Tag Archives: Gone Girl

An Interview with Sarah Layden

23 Jul
Sarah Layden's novel Trip the Wires has been called "compulsively readable" and "a welcome antidote to despair."

Sarah Layden’s novel Trip Through Your Wires has been called “compulsively readable” and “a welcome antidote to despair.”

Sarah Layden is the author of the novel Trip Through Your Wires and the winner of the Allen and Nirelle Galson Prize for fiction and an AWP Intro Award. Her short fiction can be found in Boston Review, Stone Canoe, Blackbird, Artful Dodge, The Evansville Review, Booth, PANK, and the anthology Sudden Flash Youth. A two-time Society of Professional Journalists award winner, her recent essays, interviews and articles have appeared in Ladies’ Home Journal, The Writer’s Chronicle, NUVO, and The Humanist. She teaches writing at Indiana University-Purdue University Indianapolis and the Indiana Writers Center.
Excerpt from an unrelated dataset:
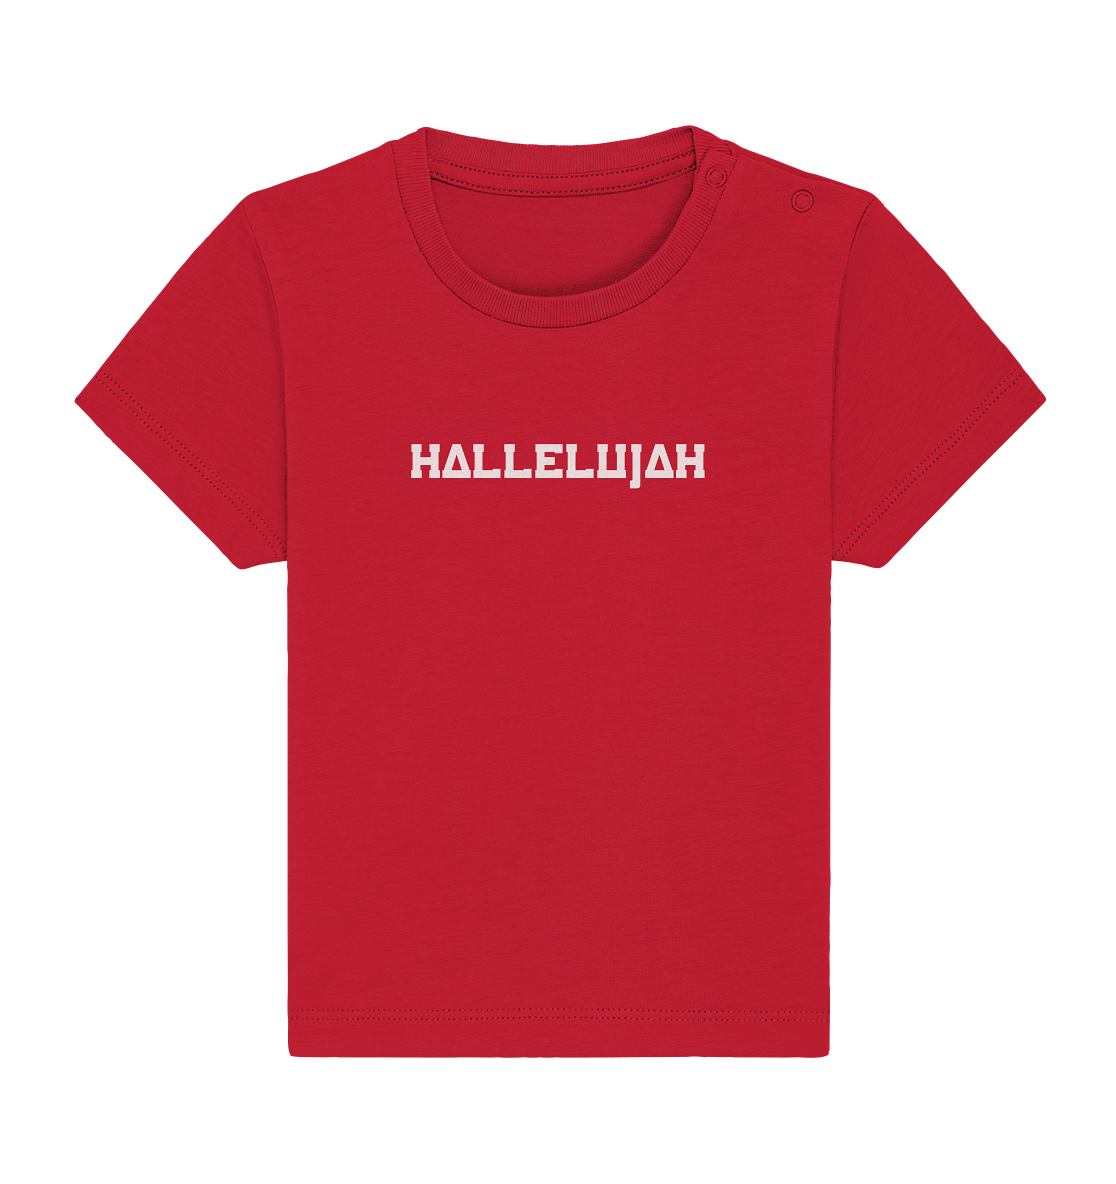 Hallelujah - Baby Organic Shirt
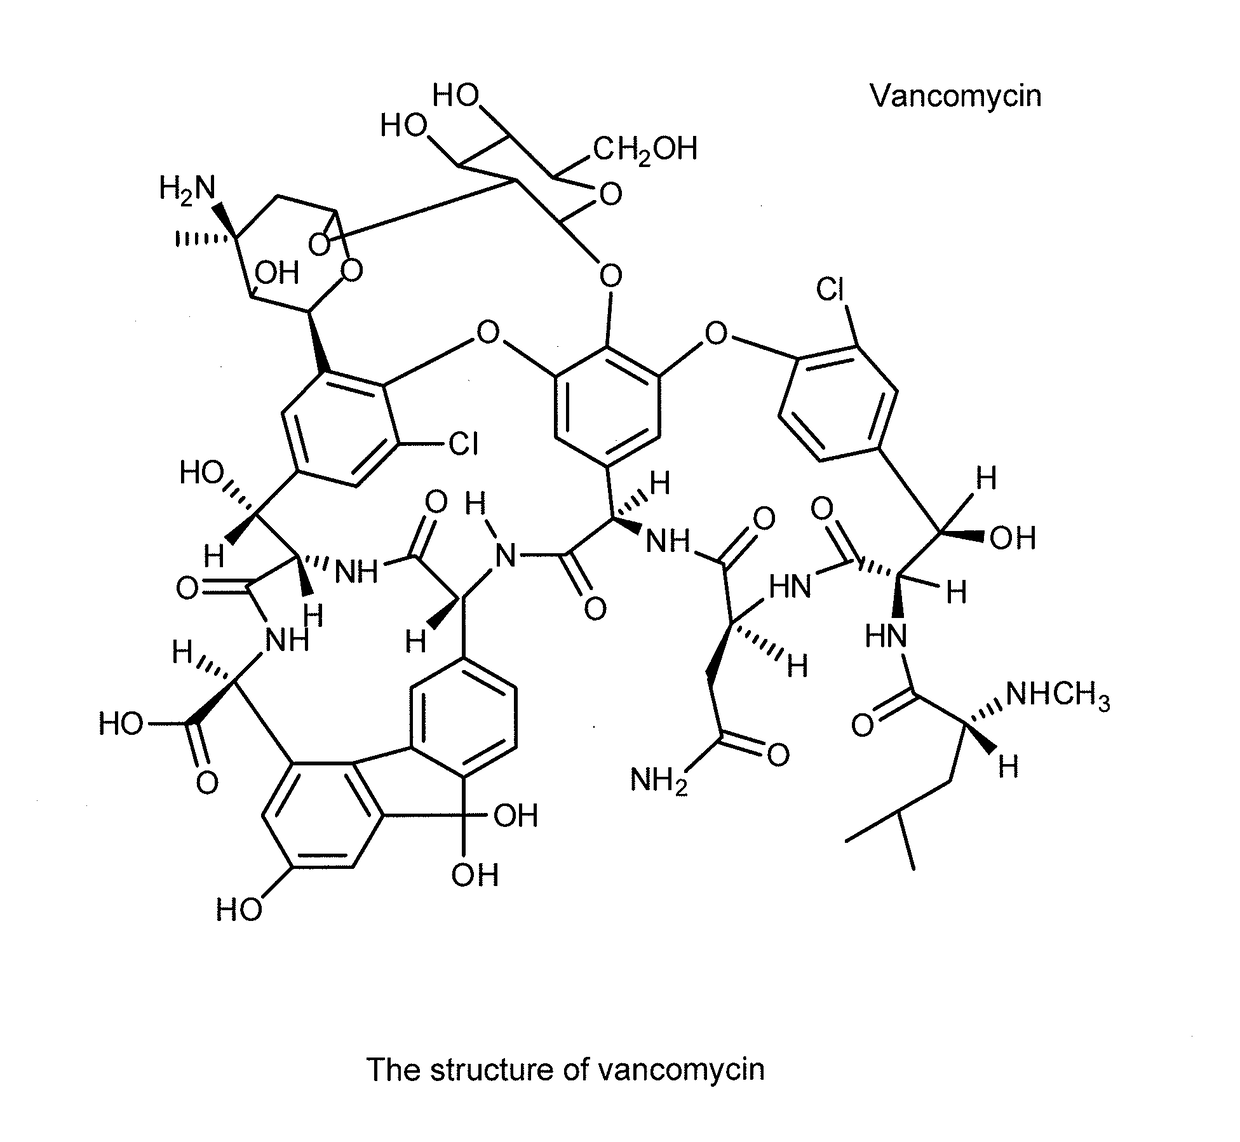 Aqueous solution formulations of vancomycin

To read Layden’s story “Bad Enough With Genghis Khan” and an exercise on withholding plot information, click here.

In this interview, Layden discusses crime fiction and Gone Girl, lyric versus story impulses, and plot twists that cause readers to make Scooby Doo noises.

Michael Noll

The story begins with “The week after my husband’s retrial and acquittal,” but we don’t learn what he was accused of until much later, almost at the end. When that information arrives, it’s stunning. In fact, I’d completely forgotten about the retrial–the opening paragraph moves on from the trial so quickly. I think I may have made a Scooby Doo noise when I realized what I’d just read. So, I’m fascinated by this strategy of delaying the info. Did you always do that in the story? How did you approach the structure?

Sarah Layden

I know exactly the Scooby Doo noise you mean, and couldn’t be happier that the story elicited it from you. The structure of this piece was always in short vignettes, I think starting with three or four. Initially I’d numbered them, though the numbering was discarded later. Each vignette initially had some sort of tie to Genghis Khan, even if it was a distant link. It took several drafts before I started seeing what some of the connections were between the different parts. That first sentence about the retrial and acquittal was built into the last revision I did: I finally had a sense of the characters and what had –or had not—happened, and I realized that because the narrator had that information prominently in mind, that it should be prominent in the beginning, too.

Michael Noll

The story is doing something really interesting with Genghis Khan. At times, past and present blur together, as they do here: “We don huge fur hats and pound our utensils on the table. Bring us all that we desire, we growl, even if we don’t know what it is. We stab our meat with sharpened knives I pull from my purse.” I’ll admit that when I first read these lines, I was confused. But it was a good confusion. It was such an odd shift that I wanted to keep reading to figure out what was going on. But it’s a strategy with risks. How do you know when a passage is confusing in the good way as opposed to the bad way?

Sarah Layden

Having good readers is crucial to me for this very thing. When I began writing this, I was experimenting: I didn’t know what it would become. My friend Bryan Furuness, also a writer and editor, gave me early feedback that helped me see places where it was confusing rather than mysterious. Part of our conversation was about the lyric impulse versus the story impulse, and how they can work together. Early on, I was probably writing more toward the lyrical. As I revised, it turned more narrative. It’s funny that you mention past and present and the blurring of boundaries, because that does seem to be something that crops up in my work. My novel, Trip Through Your Wires, alternates between past and present, and concerns itself with memory. That interests me in fiction: a character wondering, in the Talking Heads song sense of the line, “How did I get here?” (By the way, one of my all-time favorite songs, “This Must Be the Place,” just came on. Talking Heads asks, Talking Heads answers.)

Michael Noll

In general, there are some amazing shifts of tone in the story. At one point, a paragraph moves from “flecks of charred flesh between his teeth” to “Genghis didn’t give a fuck about floss” to “Jengis was a guy who conquered and then didn’t call because he was high and playing Xbox and just, like, forgot.” I love this. Is it simply the stuff your creative mind is spitting out? Or is there a method to the madness? If not, how do you put yourself in the right mind frame to write prose that seems, at first glance, to move in idiosyncratic rather than linear ways?

Sarah Layden

Thank you. It’s definitely associative. The title, in fact, does come from a line I overhead in a café: “It was bad enough with Genghis Khan.” From there, I started thinking up links and connections and was writing in sections. Those sections took on their own voices, and at first I wondered if I was writing different characters. Instead, the story pointed to a narrator across different moments in her life. At times she’s mimicking the person she describes, as if trying to take on his perspective, to be the conqueror rather than the conquest.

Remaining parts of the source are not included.